Пиримкул Кадыров - Бабур (Звездные ночи)
И если родник на Осмон Яйлау пробился к вершине, то и он, Бабур, не должен пасть духом, потерять надежду. И его жизнь, его сила, как этот вот родник, Пробьется! Может быть, на вершине поэзии? Или не Только поэзии?
…Однажды после полудня, когда погруженный в подобные размышления, Бабур сидел у родника на вершине Осмон Яйлау, перед ним появился джигит-чабан с двумя огромными собаками-волкодавами. Обут он был в чарыки, на голове белая войлочная шапка-треуголка, отороченная красной каймой. За поясом у него висел большой нож, в руках чабанская палка из иргая. Он молча посмотрел на Бабура, присел к роднику, набрал в горсть воды, попил. Выпрямился, сунул руки под мышки, вытер их о домотканый грубый халат без подкладки.
— Что, джура, пожадничал твой шах, что ходишь по горам босый?
«Тыканье» чабана царапнуло Бабура, но сдержанно он спросил:
— Какой это мой шах?
— Да в Дахкате, говорят, находится Бабур. Ты из его людей?
Бабур бродил по горам и долинам в старой одежде, почернел под солнцем, но черты лица и руки изобличали в нем человека из знатного рода. Чабан и принял его поэтому за кого-то из приближенных венценосца. Бабур, избегая наговорить лишнего, ответил только:
— Вроде бы так…
Опершись о палку широкой грудью, чабан все глядел испытующе на Бабура, не отставал с расспросами:
— Видно, ты очень предан своему шаху, правда?
Бабур усмехнулся:
— Достаточно, если буду я предан самому себе.

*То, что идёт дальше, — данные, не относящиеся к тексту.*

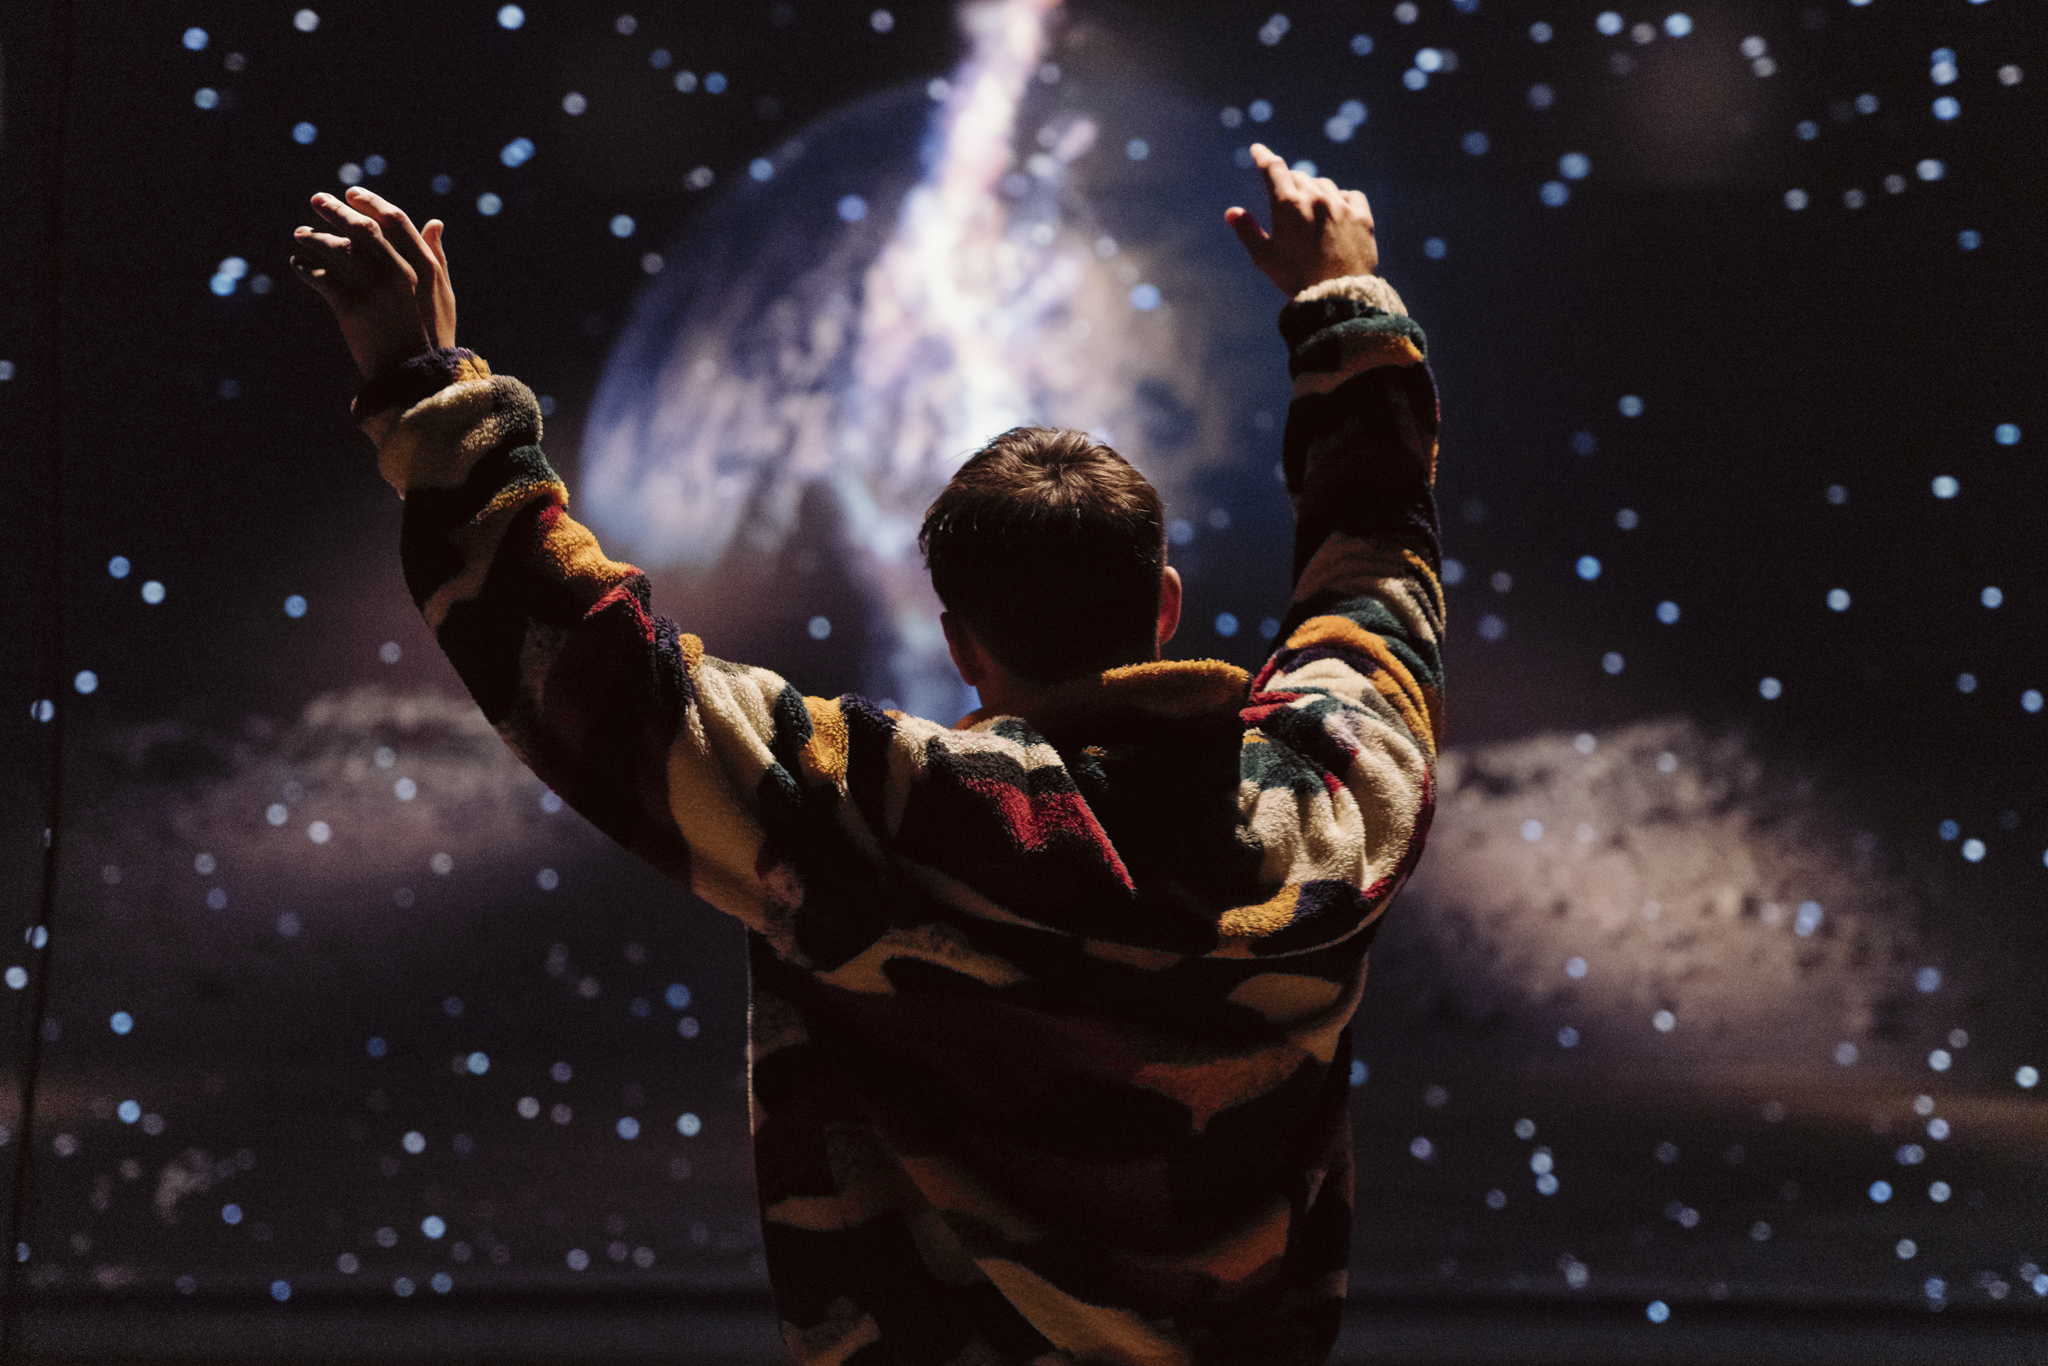 A child seen from behind raising their hands, looking at a galaxy projection

— А шах твой, поди-ка, не благоволит тебе, коль вверг в такое нищенство.
Теперь и Бабур внимательней посмотрел на чабана. Парень как парень, лет двадцати, с щеками, еще не тронутыми, как следует, бритвой. Но глубоко запавшие глаза полны печали, такие Бабур видел у пятидесятилетних, переживших многое.
— Что это ты так много расспрашиваешь про шаха? У тебя дело к нему?
— Хотел бы с ним повстречаться один на один вот в этих горах…
— А если б встретил… Что спросил бы?
Чабан-джигит зло сощурил глаза:
— Спросил бы, что сделал он с головами моего старшего брата и отца.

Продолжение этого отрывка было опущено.